**Action item:** The expected response is an exact repetition of every record, with images excluded.

**Dataset excerpts:**
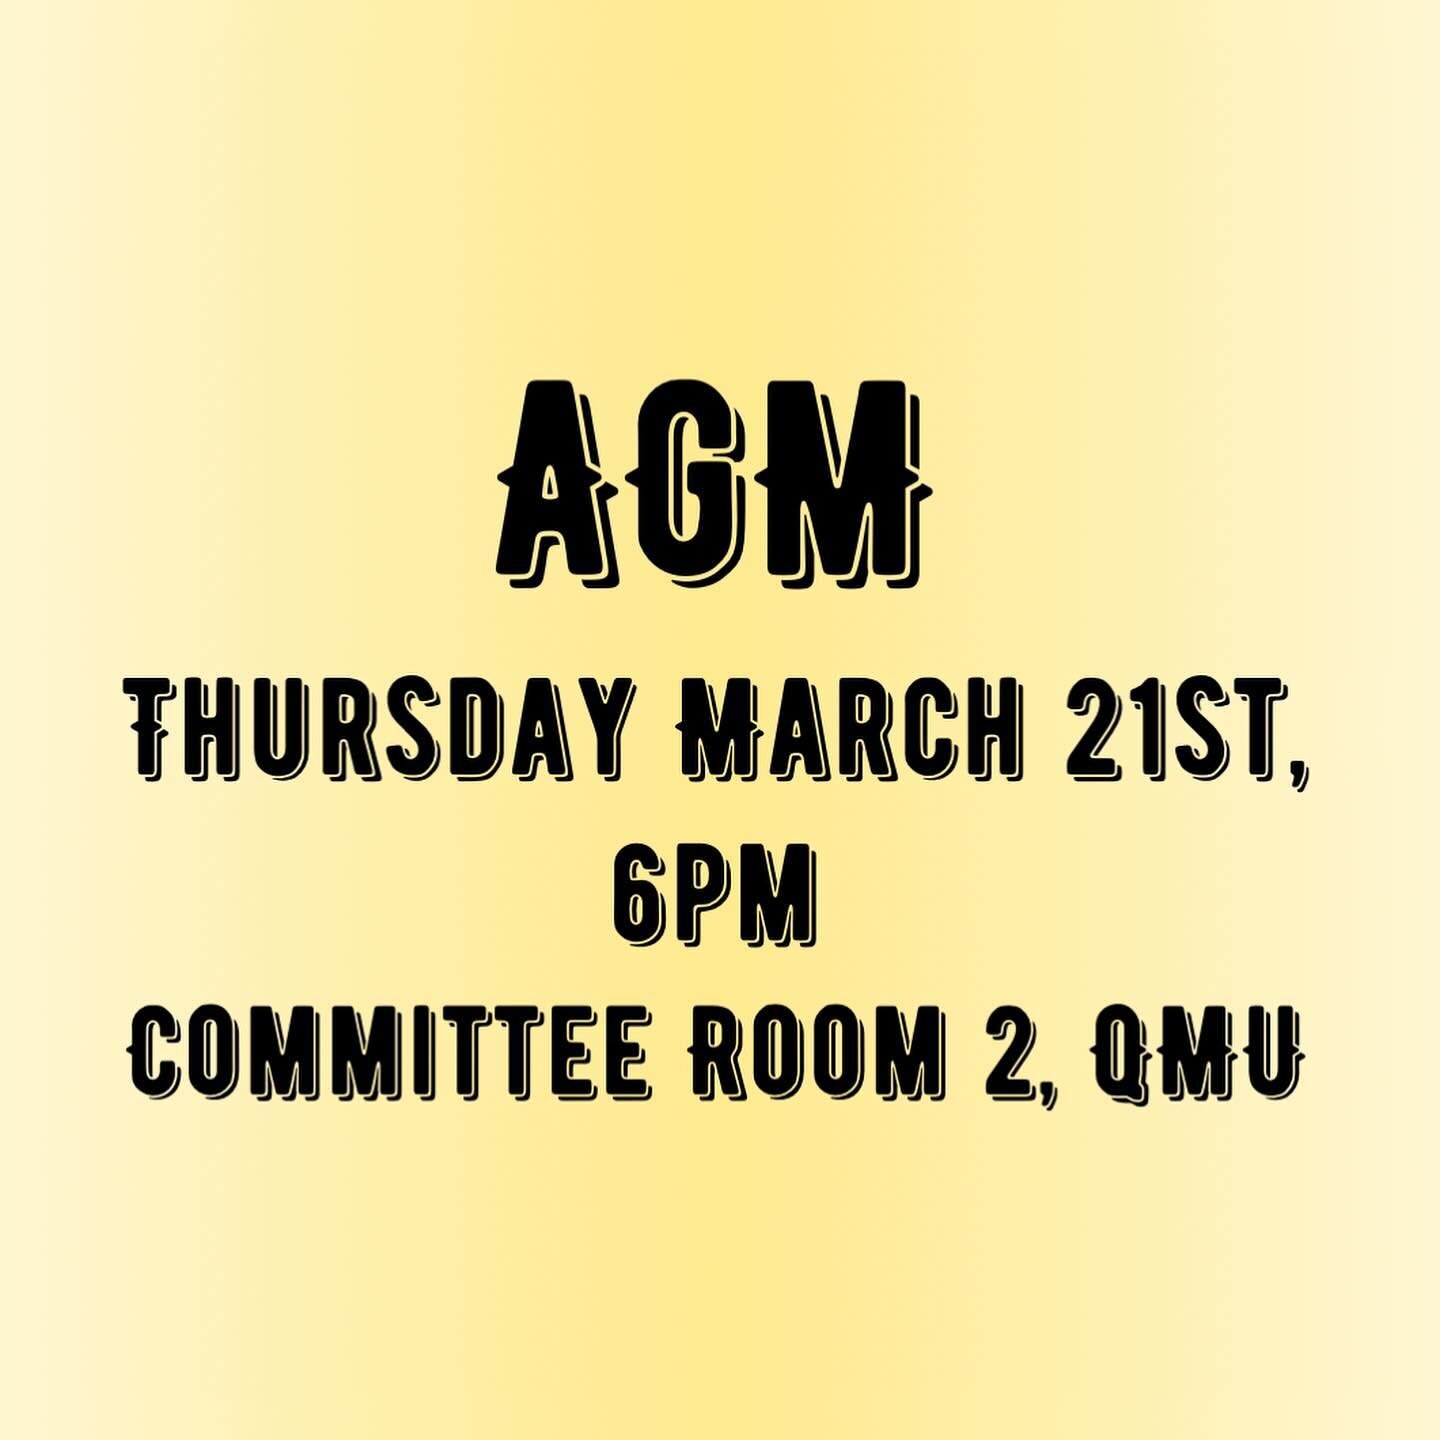 GURC AGM

Come along to our end of year AGM and get involved with the 24-25 committee! 🖤💛

We hope to see you all there,
Love GURC
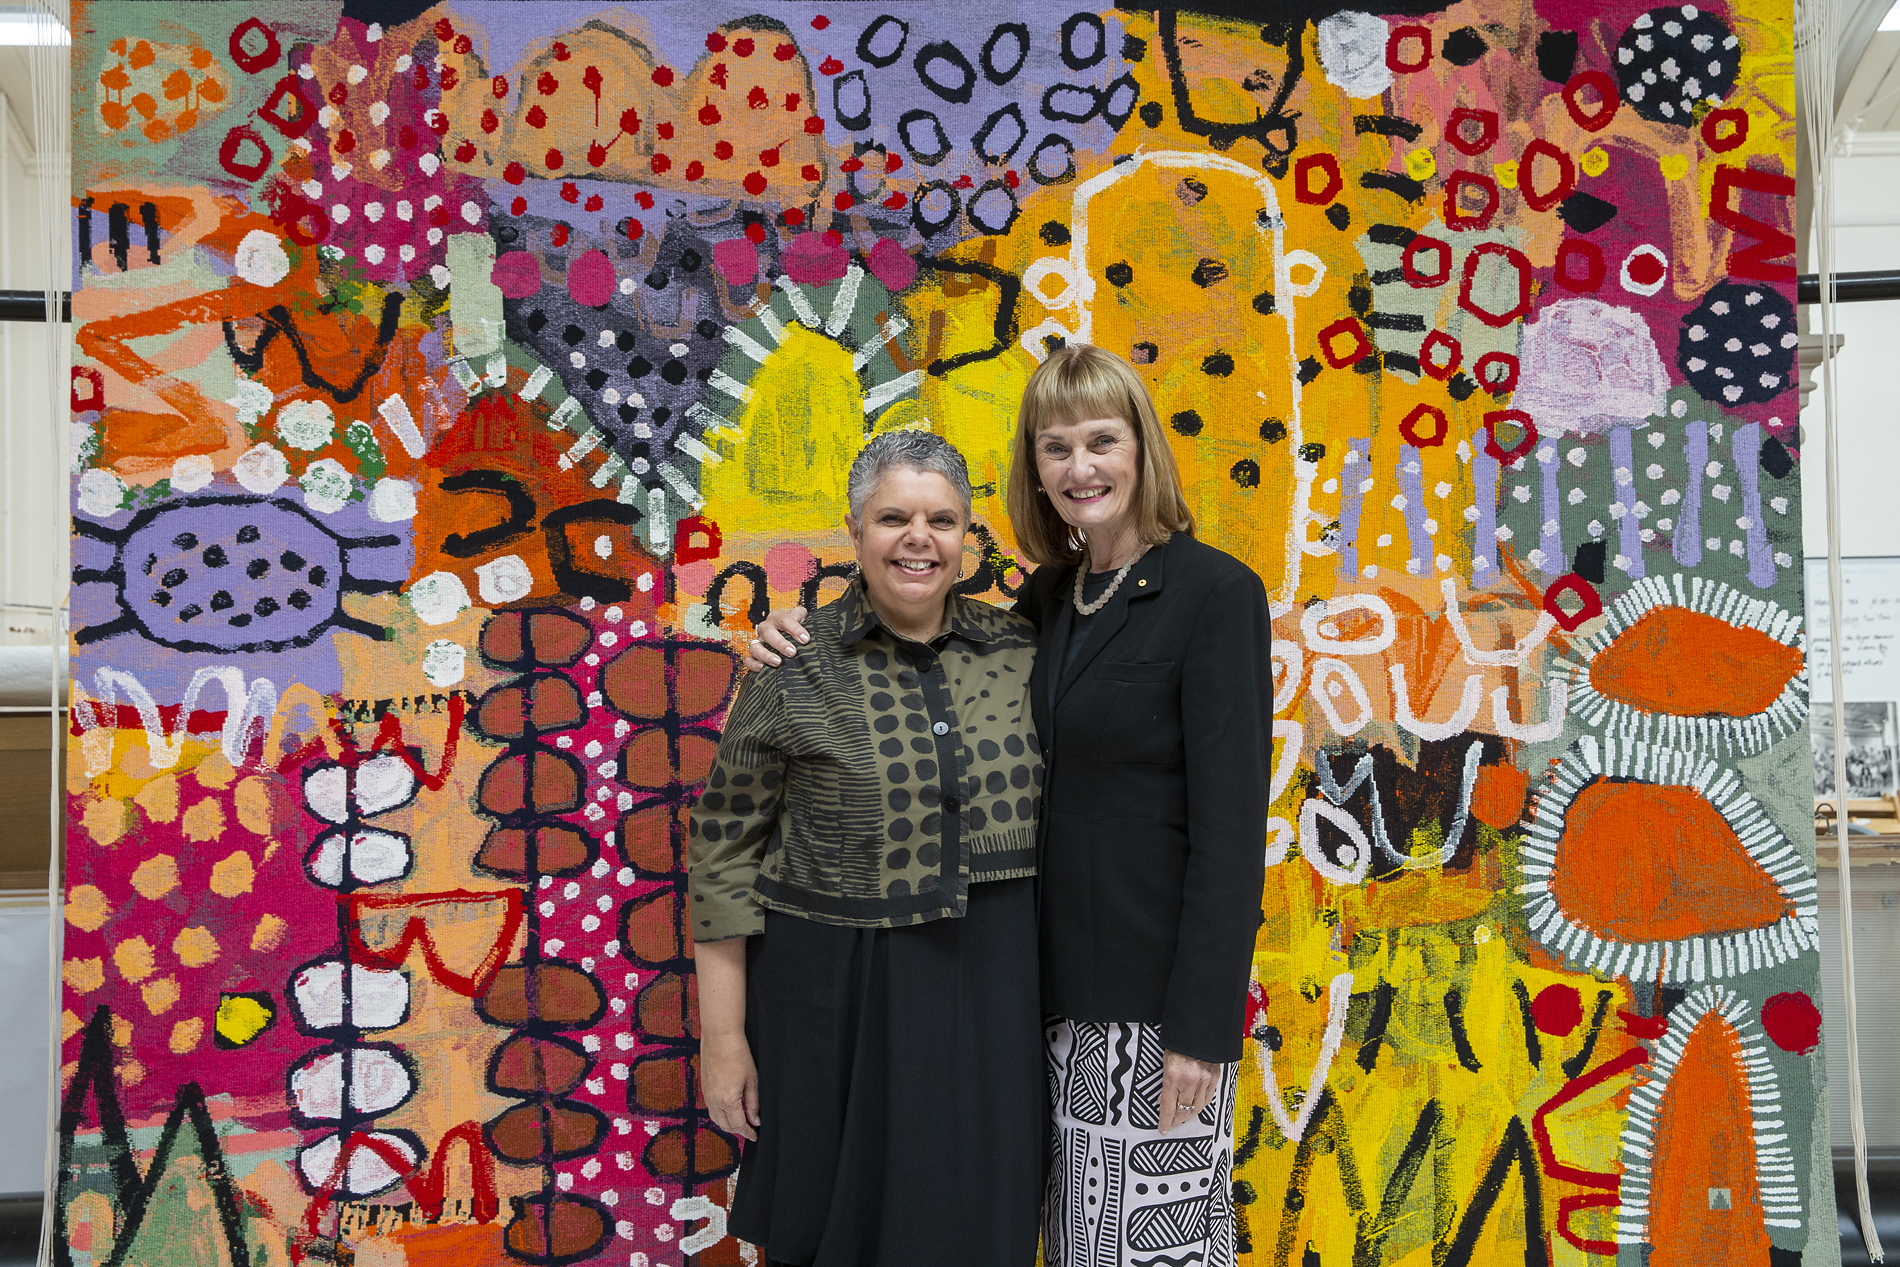 ATW Director Antonia Syme AM and Deborah Cheetham AOwith ‘The Royal Harvest’, 2021, Naomi Hobson, currently on loan to the Australian Embassy to Indonesia, Jakarta.Photo: John Gollings AM.

**Solved problem:**
 GURC AGM

Come along to our end of year AGM and get involved with the 24-25 committee! 🖤💛

We hope to see you all there,
Love GURC
 ATW Director Antonia Syme AM and Deborah Cheetham AOwith ‘The Royal Harvest’, 2021, Naomi Hobson, currently on loan to the Australian Embassy to Indonesia, Jakarta.Photo: John Gollings AM.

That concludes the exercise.